**By Marshall Chasin, AuD**

*The following post was first published in Hearing Review in July 2014 and is republished here by permission.*

You should always make time for family, and one thing I have learned as a father is to always do things with your children. Several years ago, I approached my daughter CJ and said, “What would you like to do today? It’s a beautiful sunny day. We could go for a walk, throw around a Frisbee, or even calculate the probability of error if a word list was terminated before the 25 words were all given.”

What daughter wouldn’t jump at a chance to calculate using the Poisson statistical distribution? We first had to clarify what we were going to calculate and decided on the following: If a person had gotten all of the words correct so far, what would be the probability of error, if the audiologist had stopped after 10 words, after 15 words, and after 20 words, in a 25-word list? More specifically, we calculated the probability of error for getting more than three words wrong (after having gotten them all correct) for a shortened word list. Anything below 88% correct in a word recognition task would be viewed as “abnormal.”
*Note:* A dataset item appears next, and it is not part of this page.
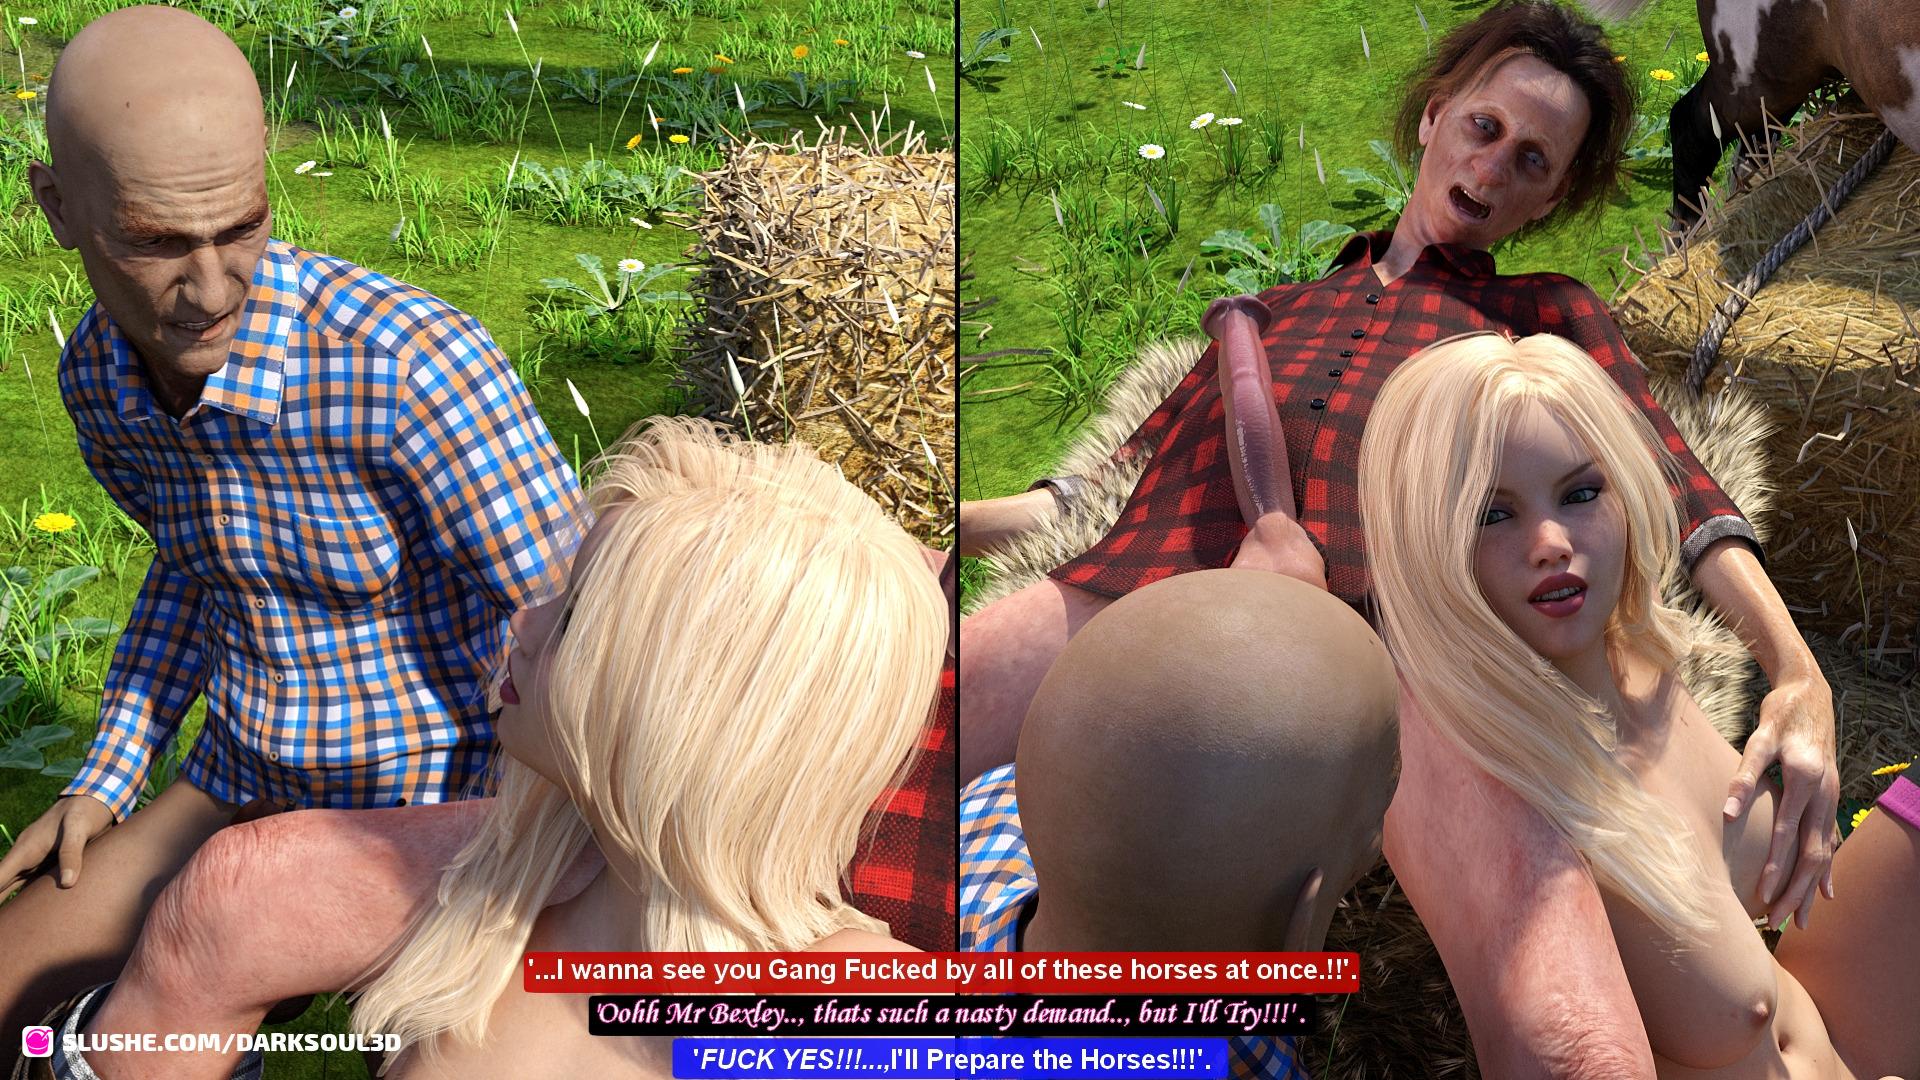 Rachaels Romps Episode 2. 'Farmer Jackson's Field'.

Now this is not as bizarre as it sounds- well, actually it is, but my daughter was a graduate student and in her undergraduate years she had concentrated on statistics, calculus, physics, (as well as art history and the civilizations of early man)- I think the word “eclectic” comes to mind. We actually published the answer to this question in the September 2007 Hearing Review (HR).

Of the many statistical probability density distributions available, we selected the Poisson Distribution. This is a discrete distribution that is used for rare events. An example used by one of my own statistics professors was “If one person is killed crossing the street en route to class every year (because they were not paying attention to where they were going), what is the probability that two would be killed in a year? What about 6? This distribution will give exact probabilities for questions like this.

What about the question, “if a person has gotten the first 10 words in a list correctly, what is the probability that in the next 15 words (not given), they would get 1 error, 2 errors, or 3 errors? These word errors are relatively rare events, especially if the first 10 words (or 15 words, or 20 words, are correct). Clinicians do take short cuts from time to time, and if not completing a word list, it would be nice to know the degree of trouble you may be in if the full 25-word list would have resulted in a percentage correct of less than 88%- the clinical limit of normal for many speech-based tests.

For those who have forgotten the important calculations, the distribution is given as:

P(x) = e^{-avg}(avg)^{x}/x!

And for those who have not forgotten the formula, unfortunately it is still the same thing.

In this formula, “avg” refers to the average number of errors (such as the number of people crossing the street that don’t quite make it, in one year). The variable x allows us to ask the question “What if x number of people are killed? What is the probability of that happening?” Clearly if x happens to be close to the average, then the probability is relatively high, and if x is far from the average, the probability is much lower.

Without further delay, figure 1 is from our article in HR. It shows that if only 5 words are given (and there are no errors), then there is a 22.15% chance that there will be more than 3 errors if a full 25-word list is given. However, if the first 15 words are given without errors, then there is only a 3.4% chance that it would be incorrect to say that the patient’s word recognition score is normal. If 20 words are given without error, we can probably stop the word list since there would be only 0.34% of a chance that we were wrong.

It should be pointed out that these calculations are independent of the word list being used, and independent of hearing status. Implicit in the selection of the 88% to 100% range being accepted as “normal” is the nature of the word lists, the hearing status, and the slope of the performance-intensity function. It also becomes an entirely different statistical problem once errors are made, as this has been shown to be a binomial distribution1.

None of this should be taken as an endorsement of routinely cutting short your word recognition testing, but at least we now know the odds of an error if we do so. So go ahead and spend time with your children. Who knows? You may find out about something important.

1. Raffin MJM, Schafer D. Application of a probability model based on the binomial distribution to speech-discrimination scores. *J Speech Hear Res. *1980; 23: 570-575.